I began my work with them by receiving trainings on issues related to menstrual hygiene and gender awareness, labor law and employability skills. As part of the sellers’ group, I also received sales and marketing trainings. When the training ended, I began to visit families in their homes where I hosted discussions—attended by all present women and girls under the age of 55—on period poverty and menstrual hygiene. After each session, I promoted our sanitary product, called “Rose”, and began selling it door-to door.
Unfortunately, in many parts of the country we are still bound by norms and harmful traditions that perpetuate inaccurate information about menstruation. Thanks to this work, we have been able to provide health awareness sessions to women across generations, to adult women and to young girls who are beginning to speak up and correct misconceptions about menstruation. This is important. We need to create safe spaces for adolescent girls to discuss their reproductive health with experts, to allow them to properly discover their bodies and understand the physical and hormonal changes they experience. It is about time for girls to stop being scared whenever they get their periods, and for them to understand how to deal with it.
“We need to raise our children believing that women’s reproductive health is not a taboo.”
Itab Bayoud, a mother of four, has dedicated her life to caring for her family. Determined to gain financial independence and help make ends meet, she took a job with Roof and Roots. Trained as a manufacturer, Itab reflects on her work and challenging social taboos around women’s reproductive health.
The economic crisis has hit everyone living in Lebanon hard and has hit women the hardest. With prices increasing, going out or buying anything that is not essential has become a luxury I can no longer afford. Amongst other cuts we had to make to get by were disposable menstrual hygiene products, which affected my two daughters. We could not afford them, particularly as the costs were continually increasing. At first, I began by asking my daughters to keep the sanitary pads in for longer hours before realizing it could lead to infections, then I tried using old cloth – which also came with hygiene risks.

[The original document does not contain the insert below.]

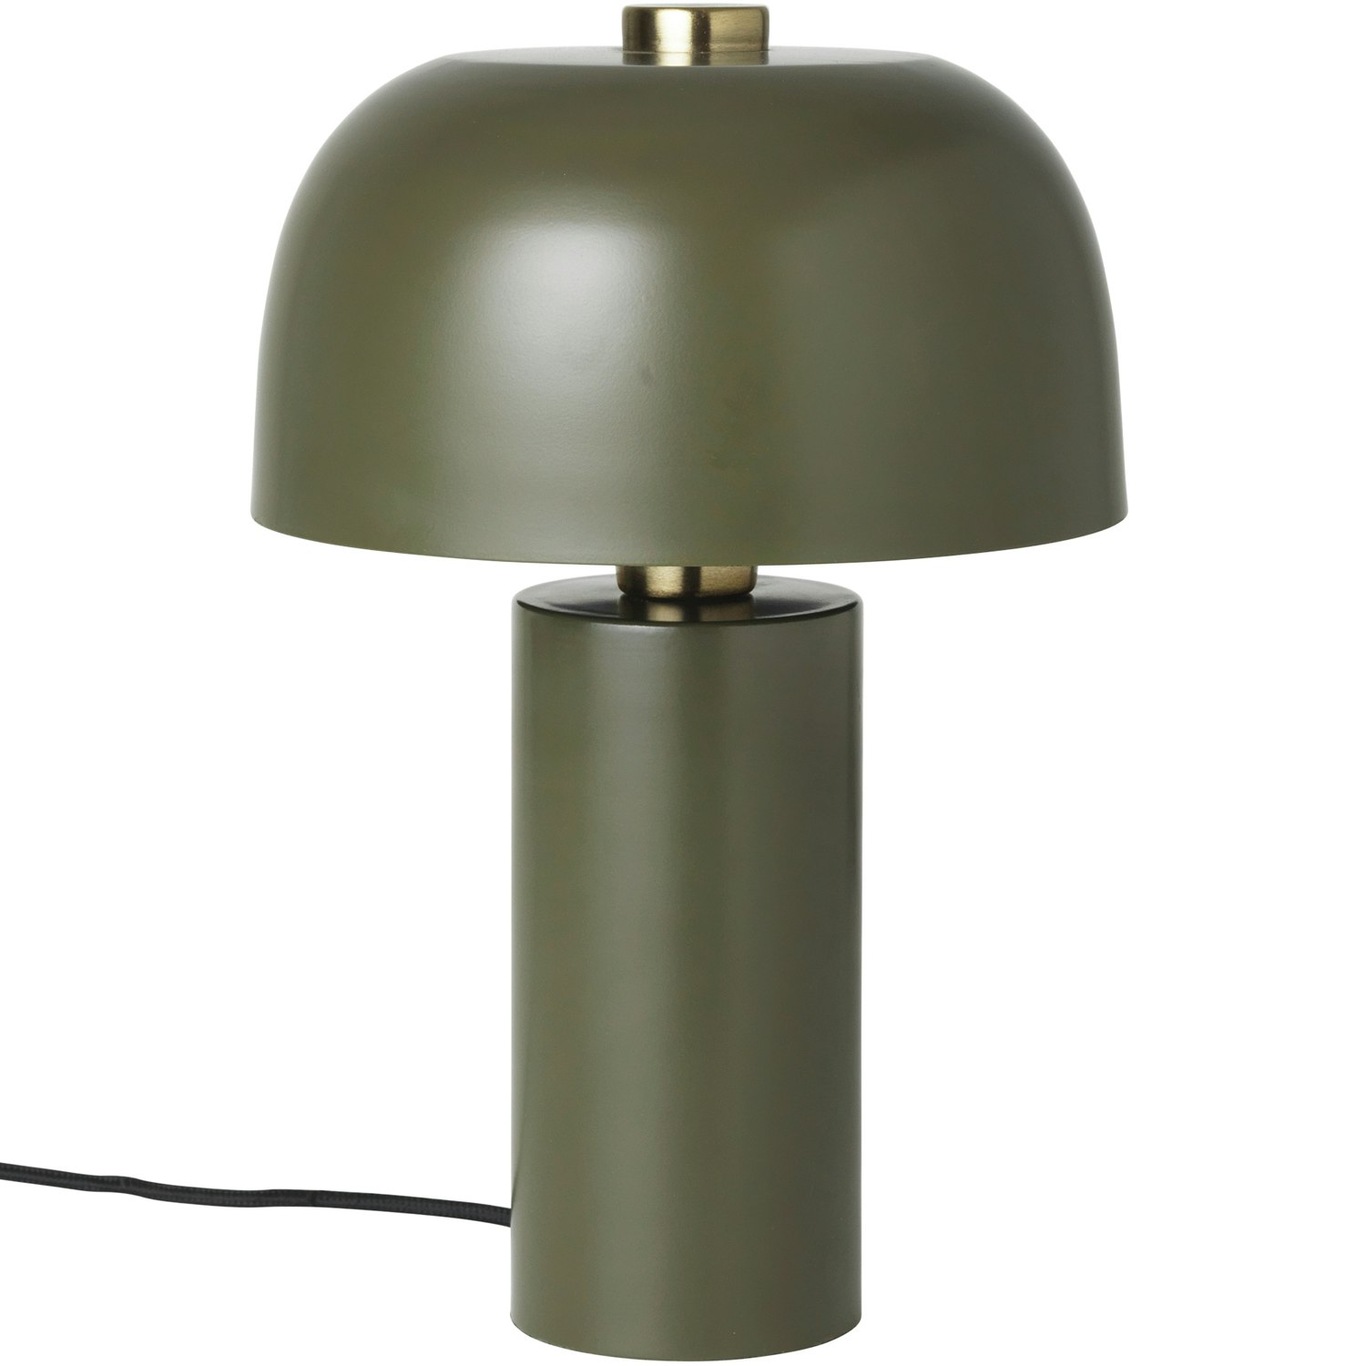 Lulu Classic Tafellamp, Army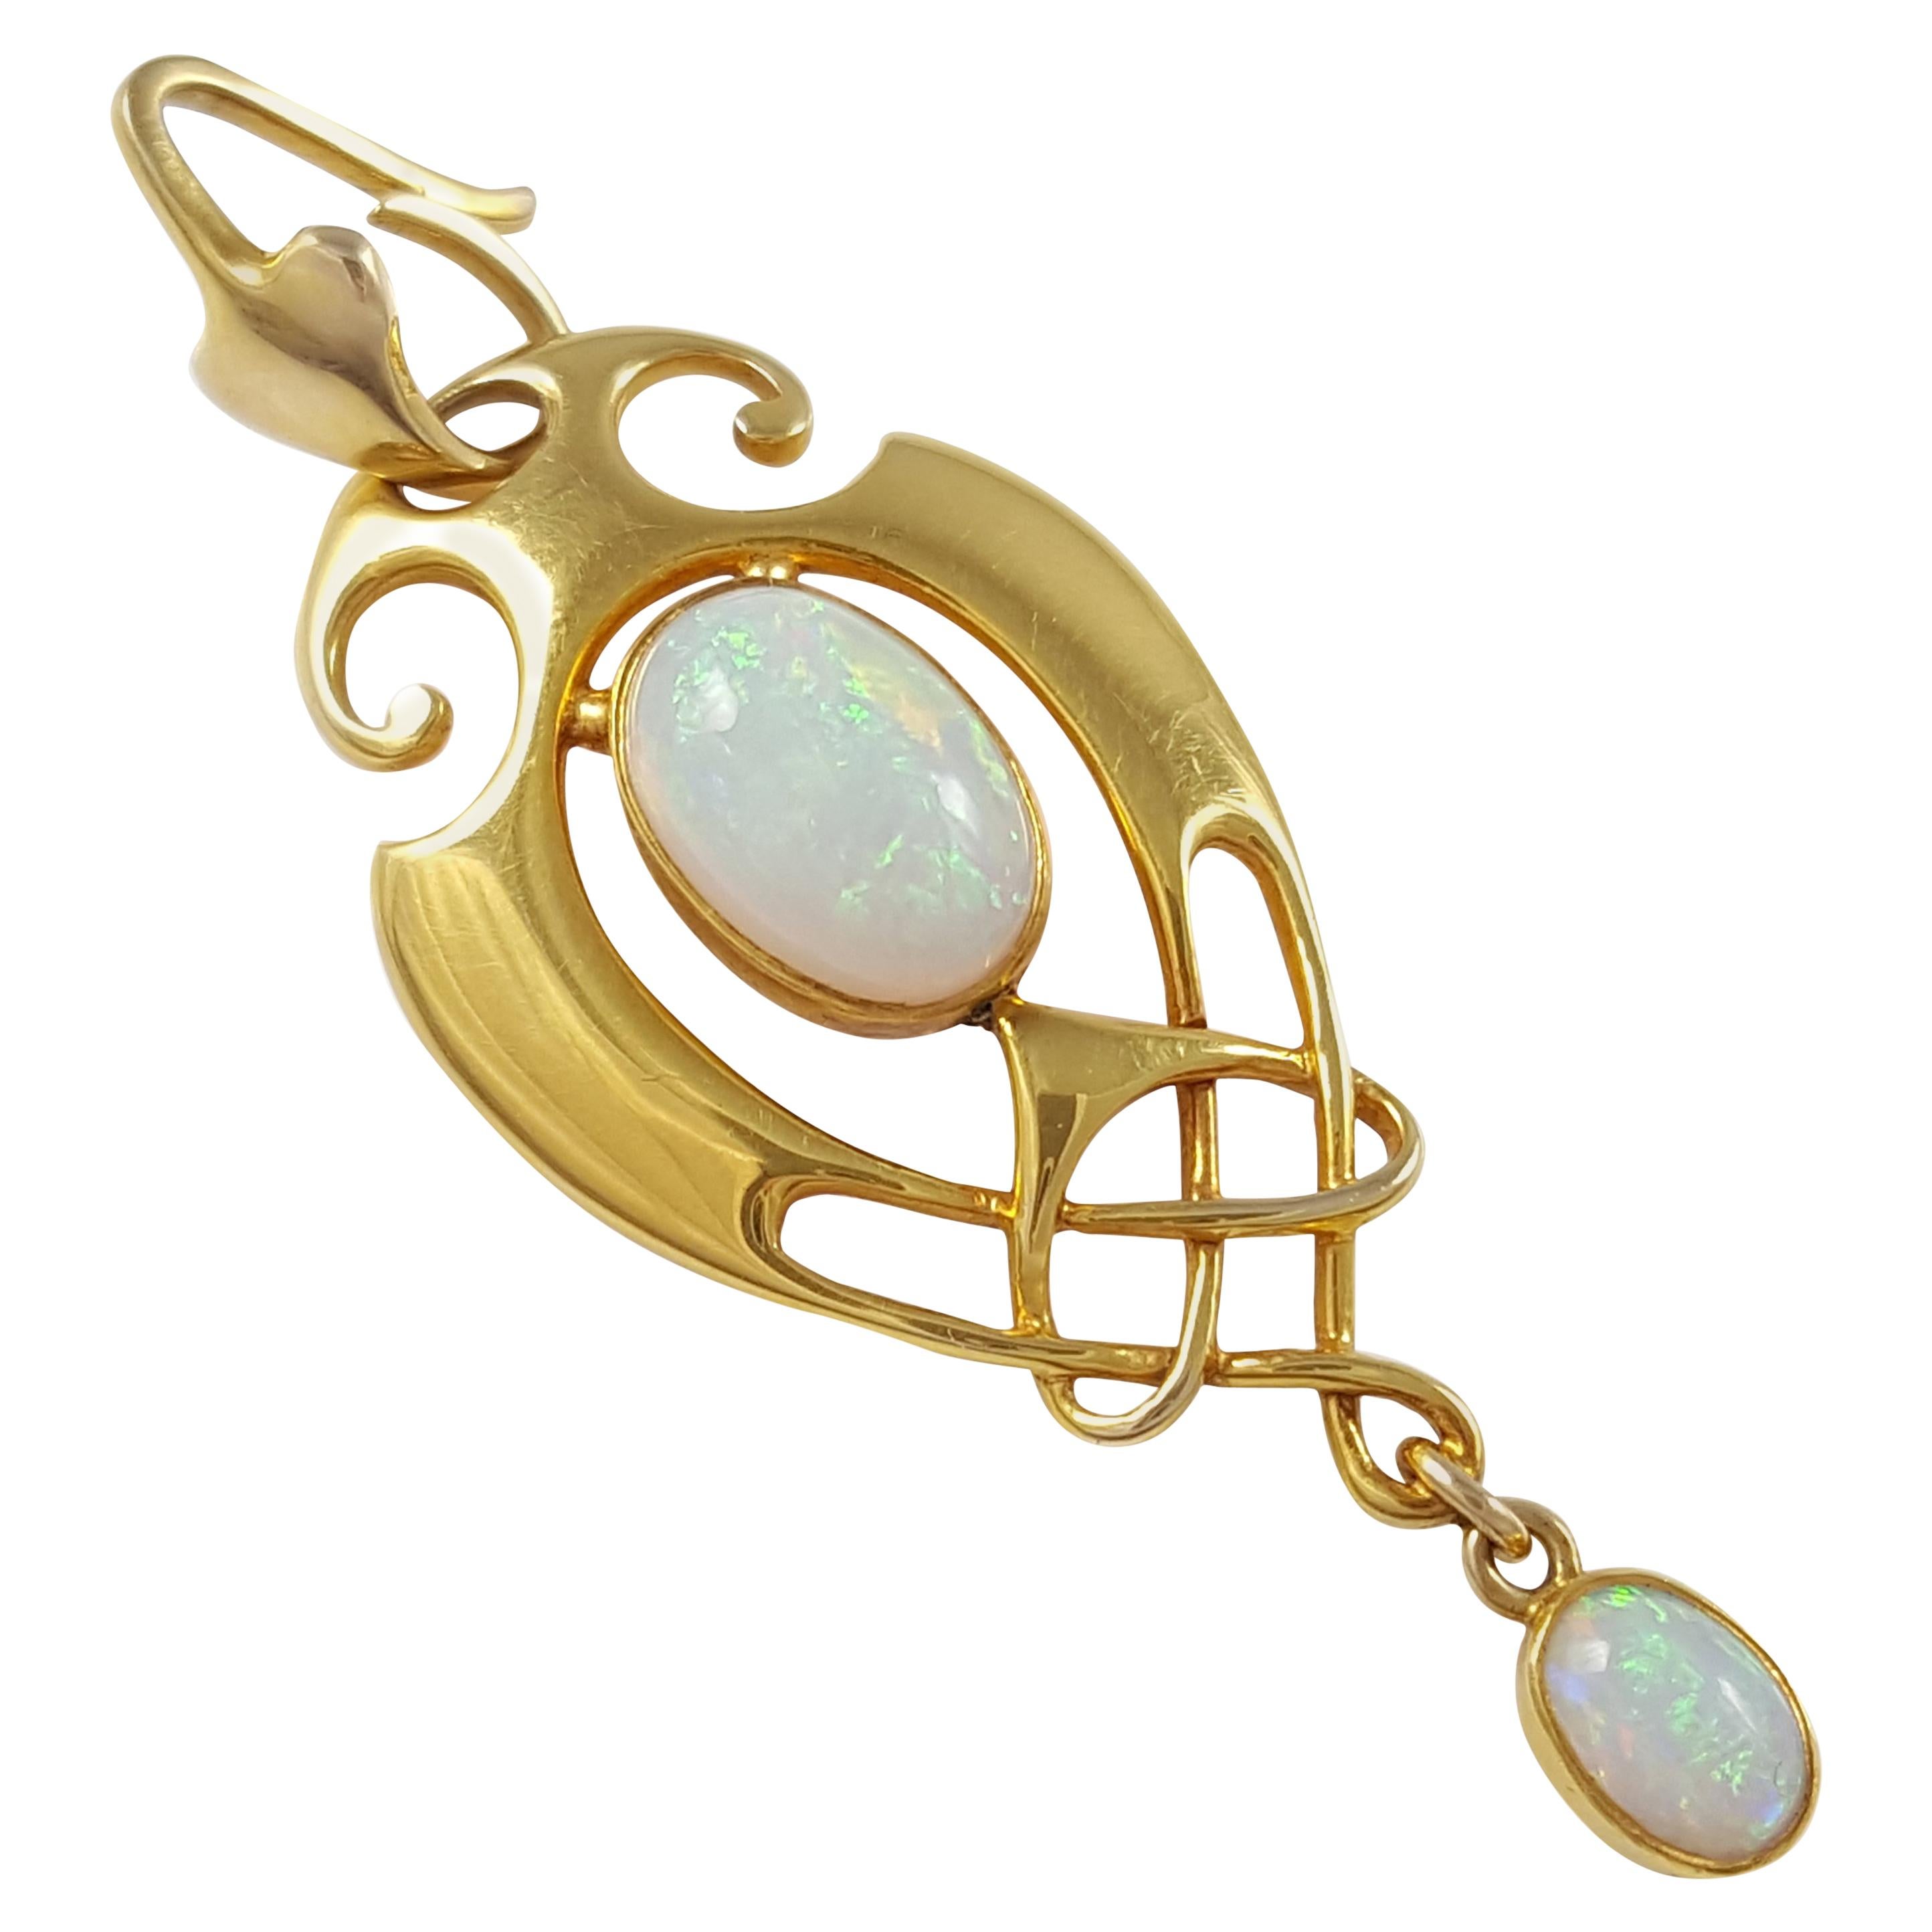 Murrle Bennett & Co. Art Nouveau Celtic Revival 15 Carat Gold and Opal Pendant

When my neighbor told me that the sanitary pads manufacturing project was offering paid jobs, I decided to try and join. I was selected and during an initial training phase, we were taught how to operate the machines that produced the different parts of the pads, as well as the steps needed to store them safely. This job provided me with the financial independence I have always aspired to. With the money I have made, I have been able to provide for myself and my children.
I am aware of the stigma around menstruation and women’s reproductive health. As I worked on manufacturing the sanitary pads, I became much more mindful of period poverty and how it was affecting many women. Unfortunately, most of them are too afraid to speak about it because it is deemed shameful.
Growing up, my mother would not tell my father that I had my period. Instead, she would ask him for money “to get Itab something private”. I am convinced that menstruation is not a shame. We need to raise our boys and girls into believing that women’s reproductive health is not taboo.